*WORK TO COMPLETE*. Copy the following data exactly and drop the pictures.

*PROVIDED DATA*.
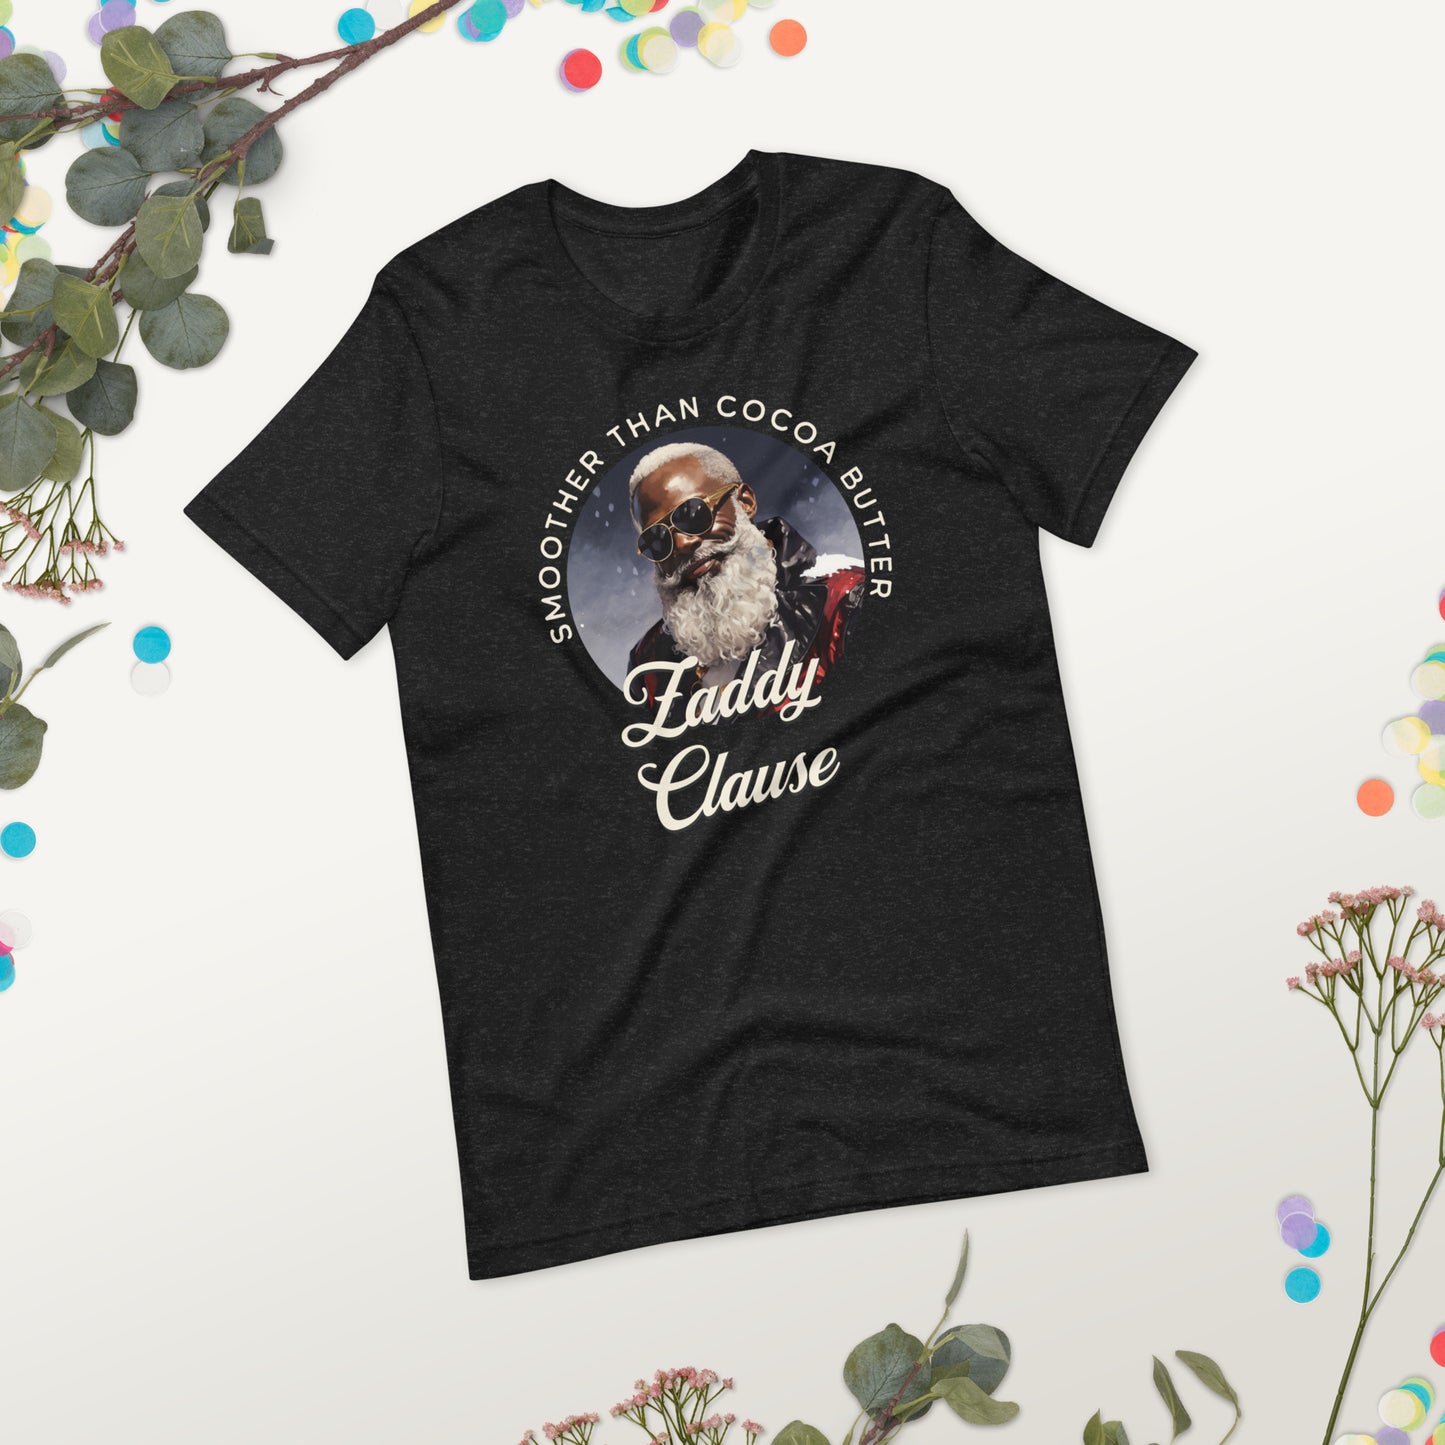 Zaddy Clause Funny Christmas T-shirt, Holiday Shirt for gift for him
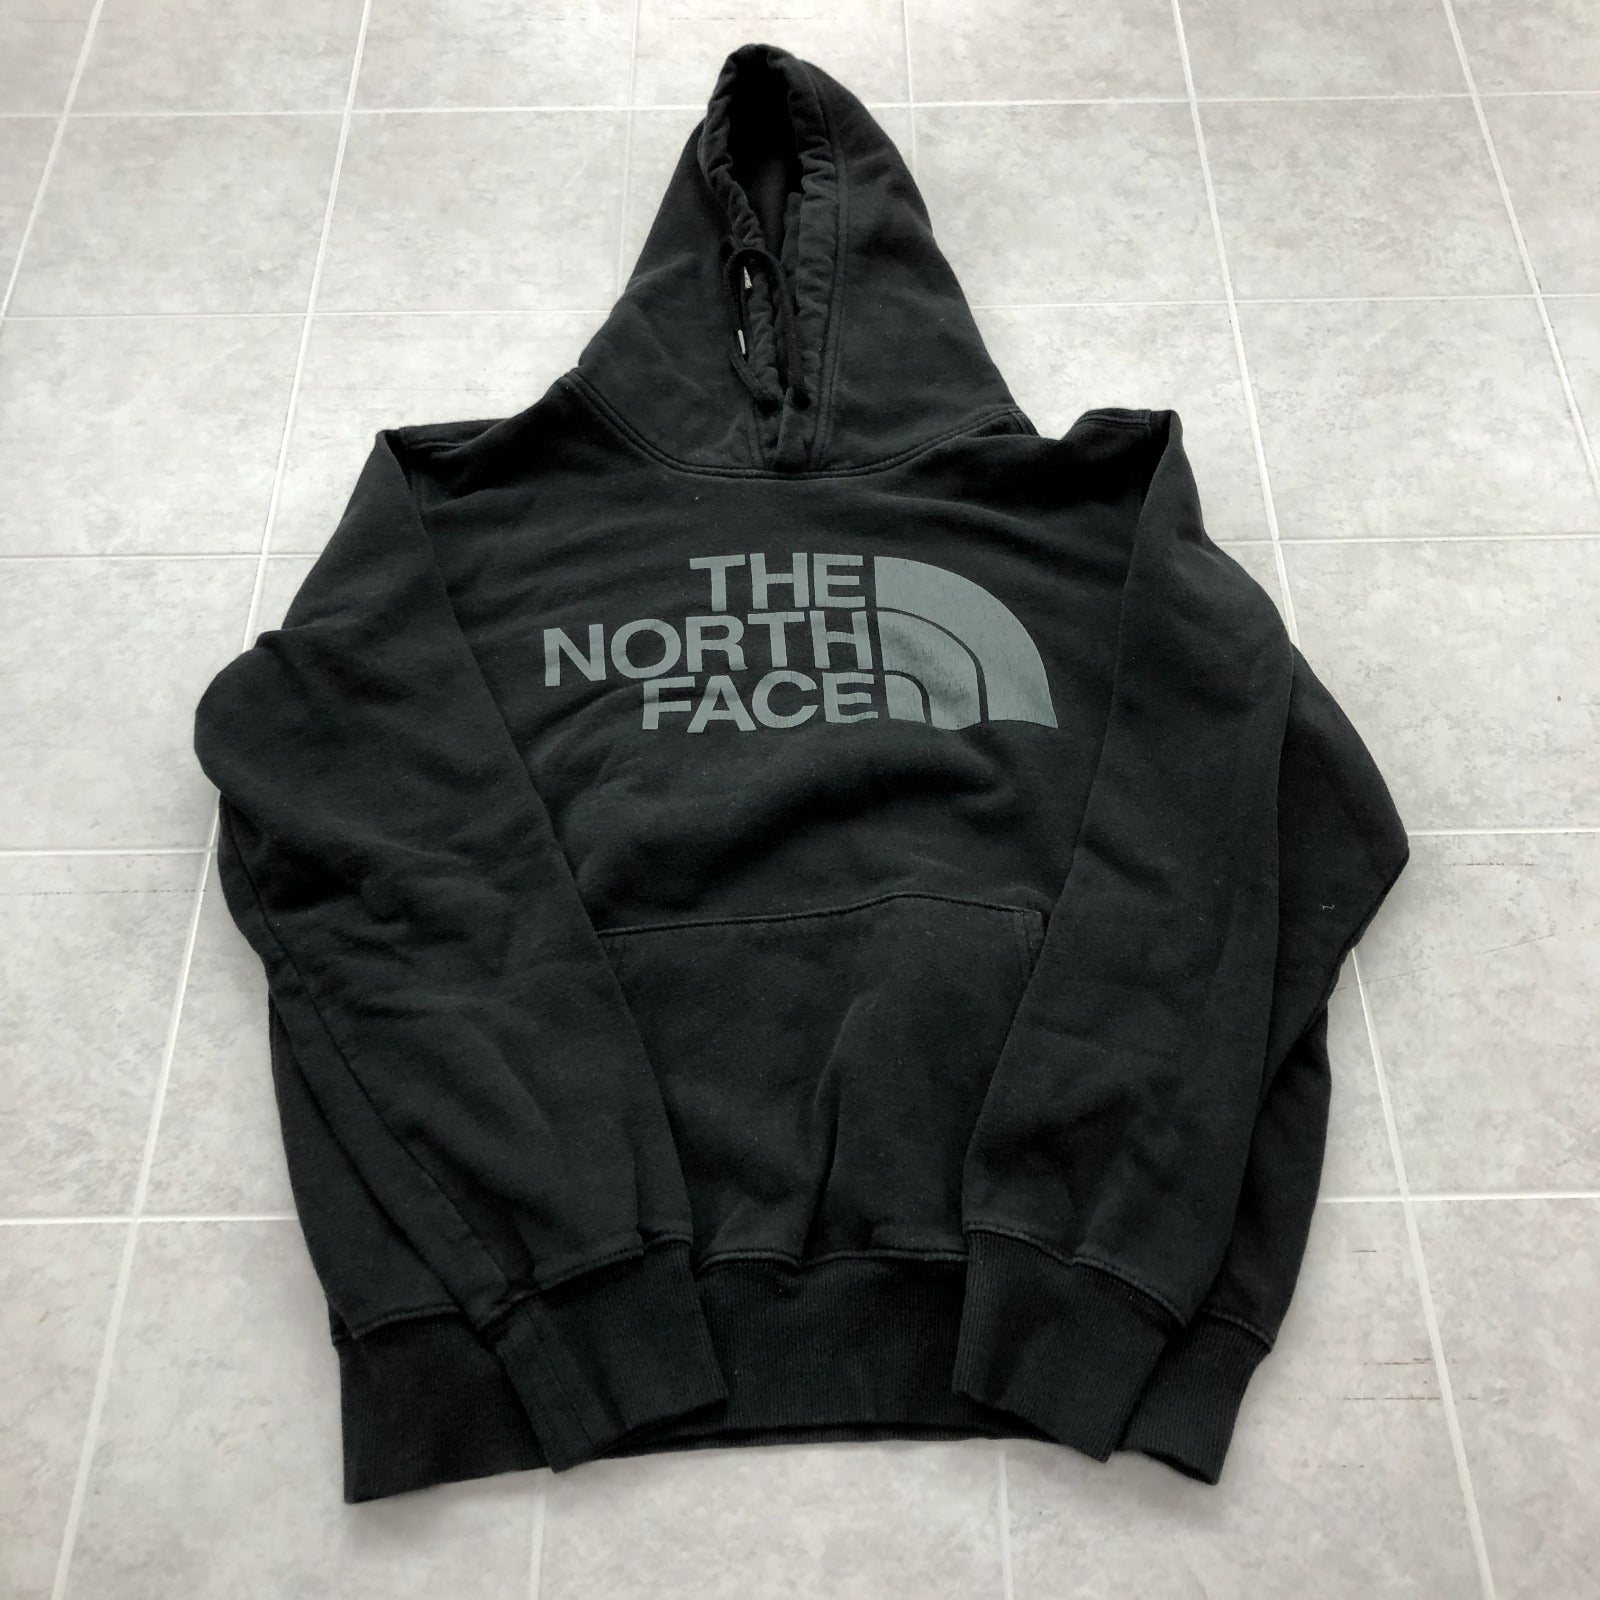 The North Face Black Long Sleeve Graphic Logo Hoodie Sweatshirt Adult Size M
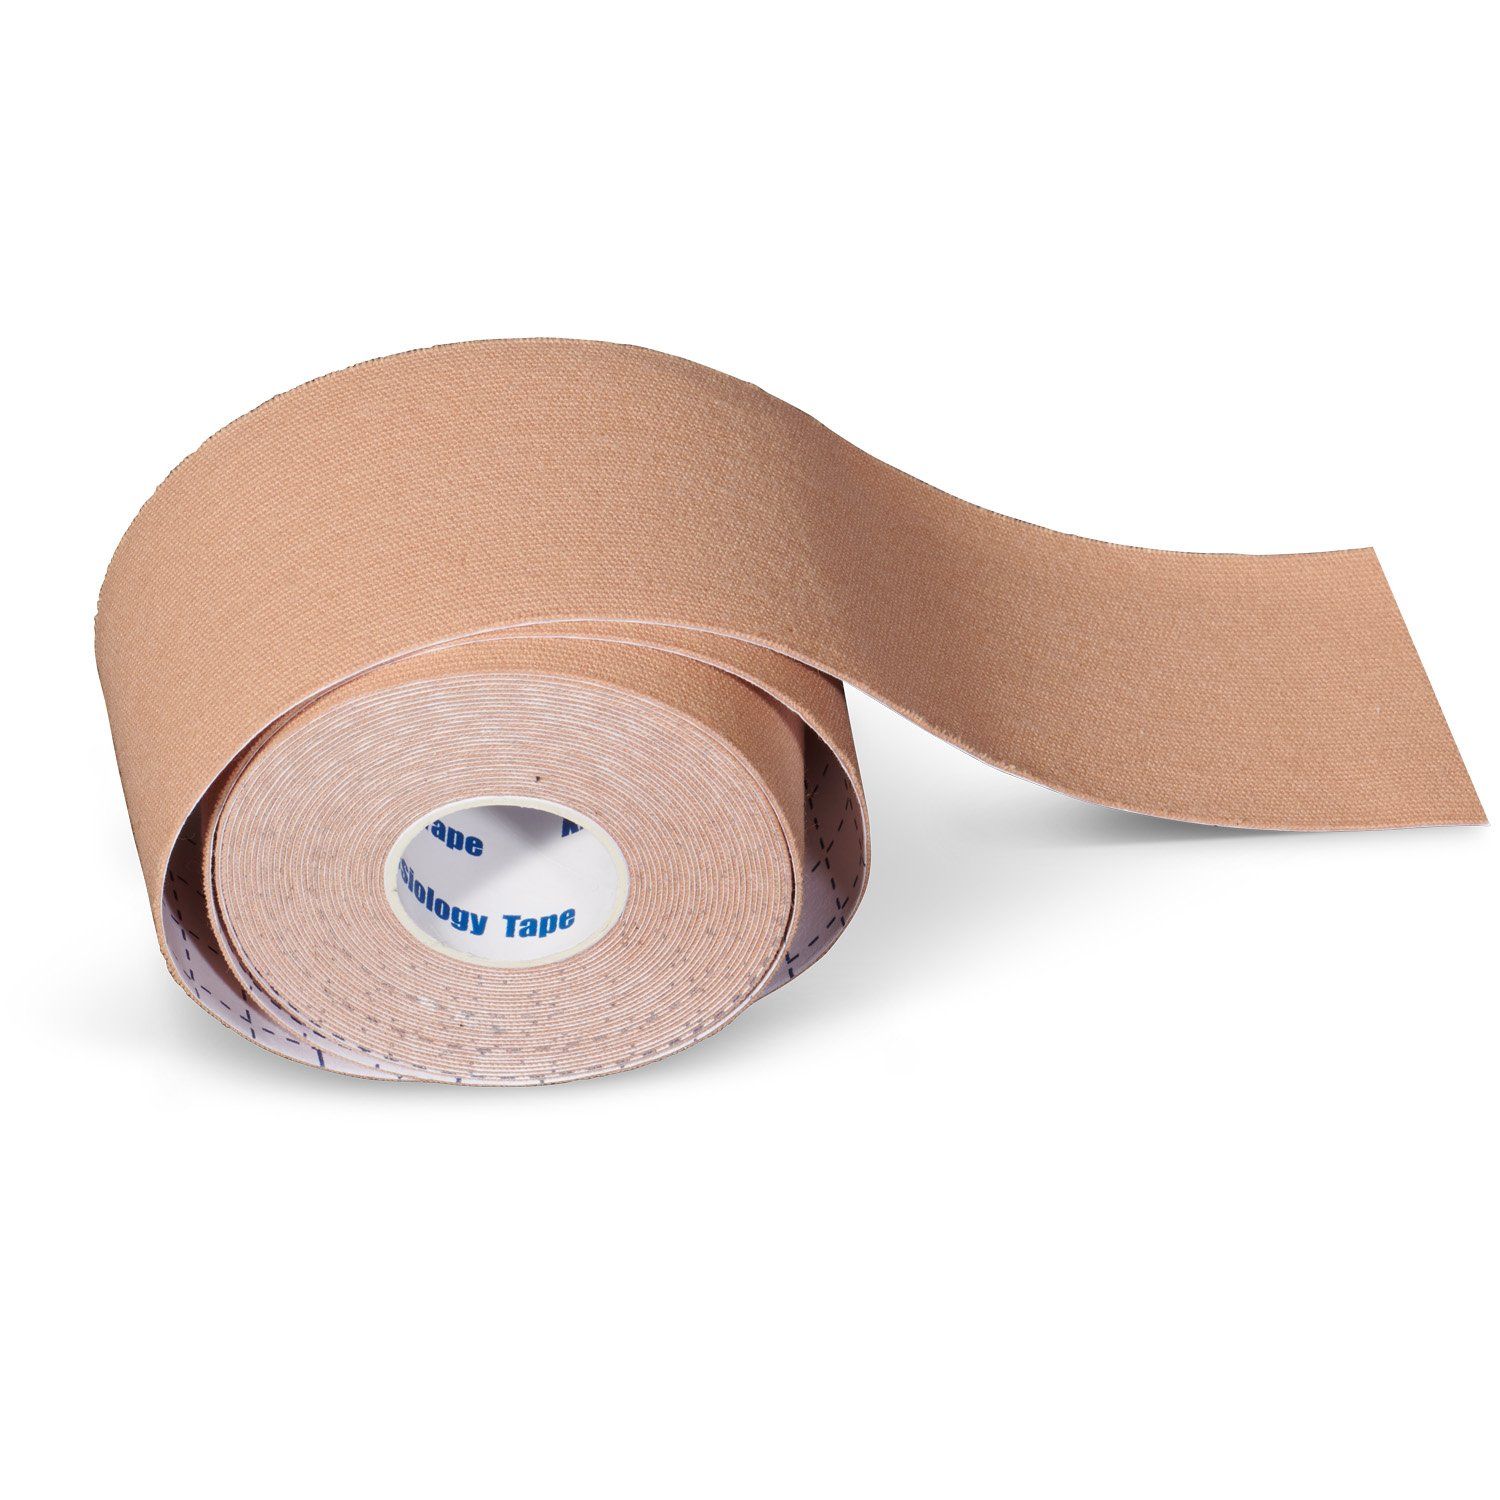 kinesiology tape 4 rolls plus 1 roll for free skin
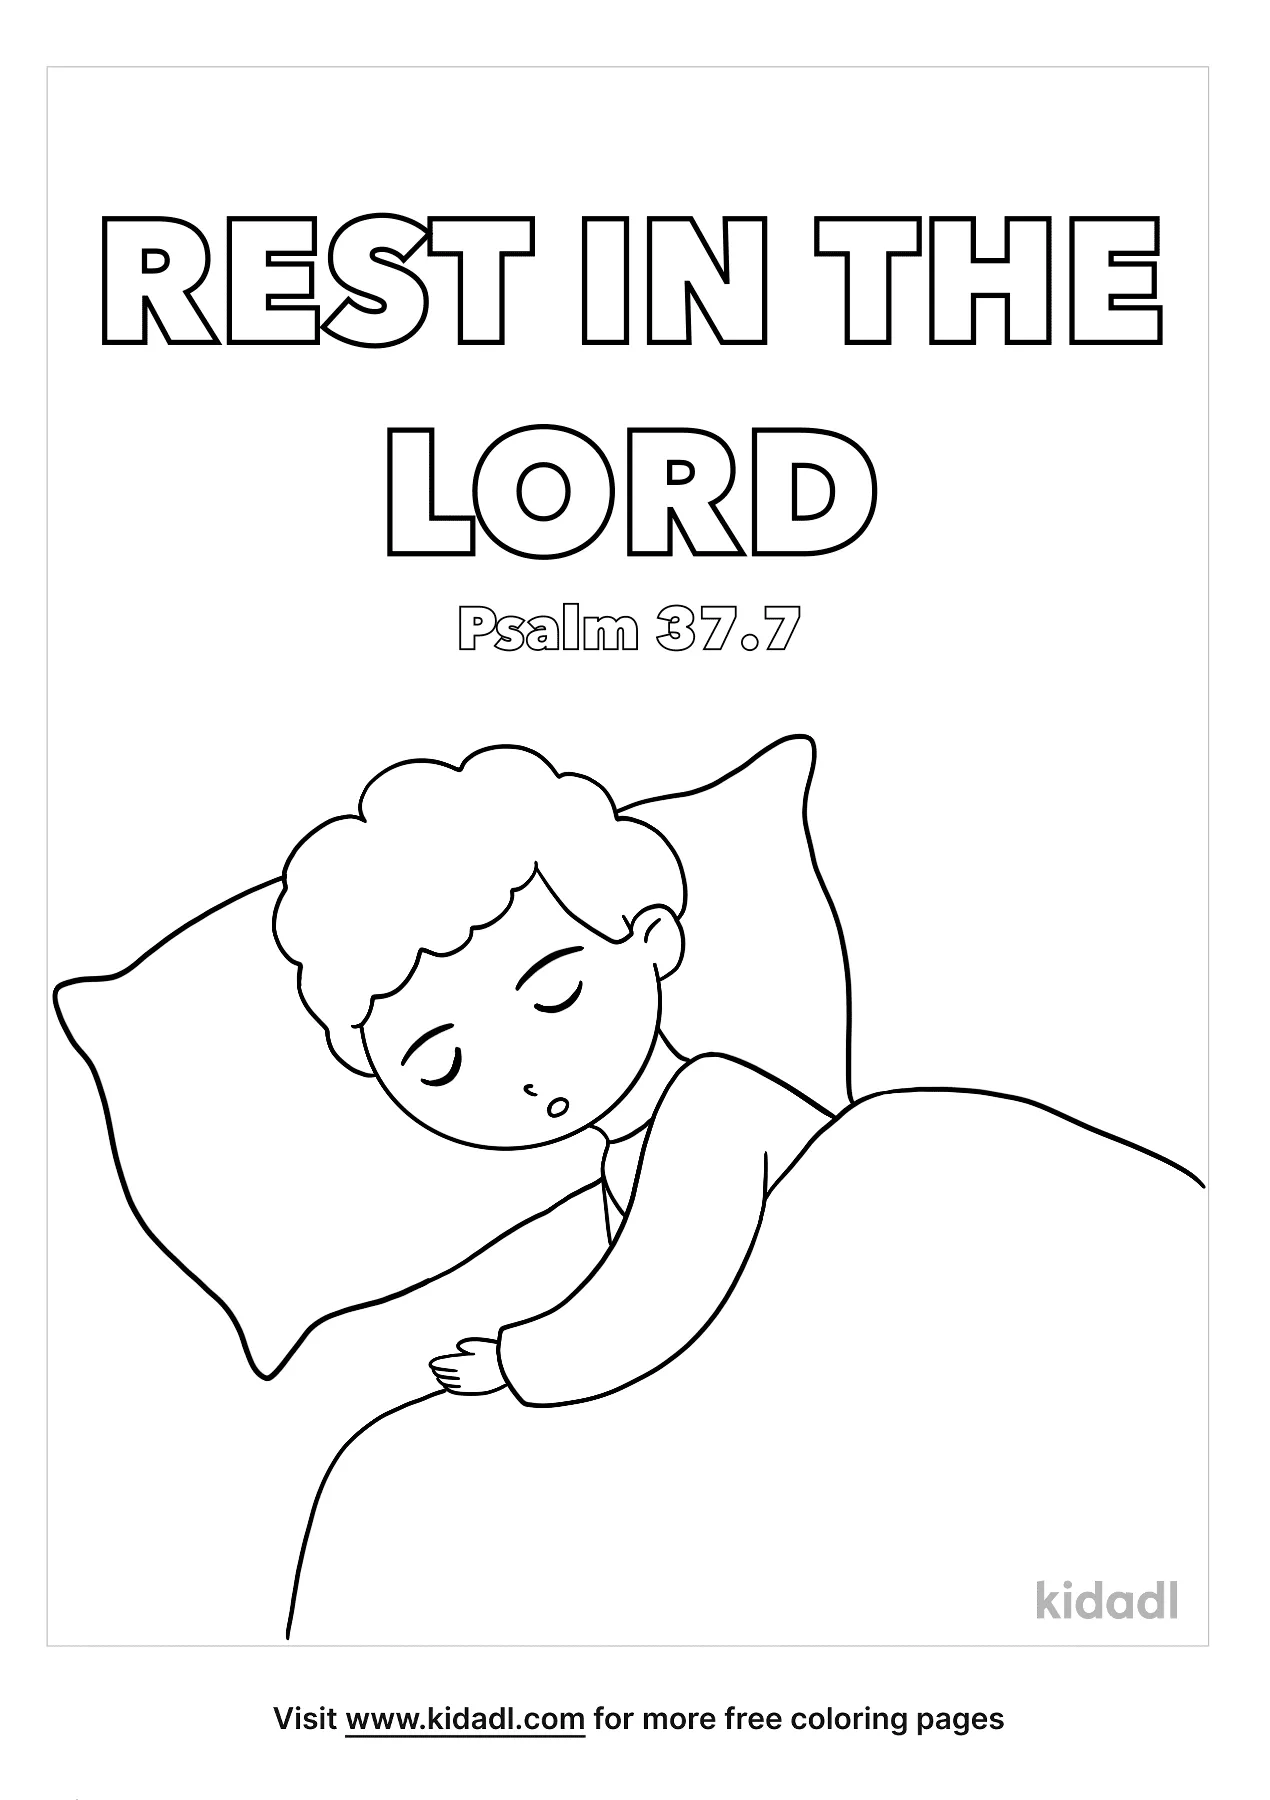 Rest In The Lord Coloring Page

*EXPECTED ANSWER*.
 Zaddy Clause Funny Christmas T-shirt, Holiday Shirt for gift for him
 The North Face Black Long Sleeve Graphic Logo Hoodie Sweatshirt Adult Size M
 kinesiology tape 4 rolls plus 1 roll for free skin
 Rest In The Lord Coloring Page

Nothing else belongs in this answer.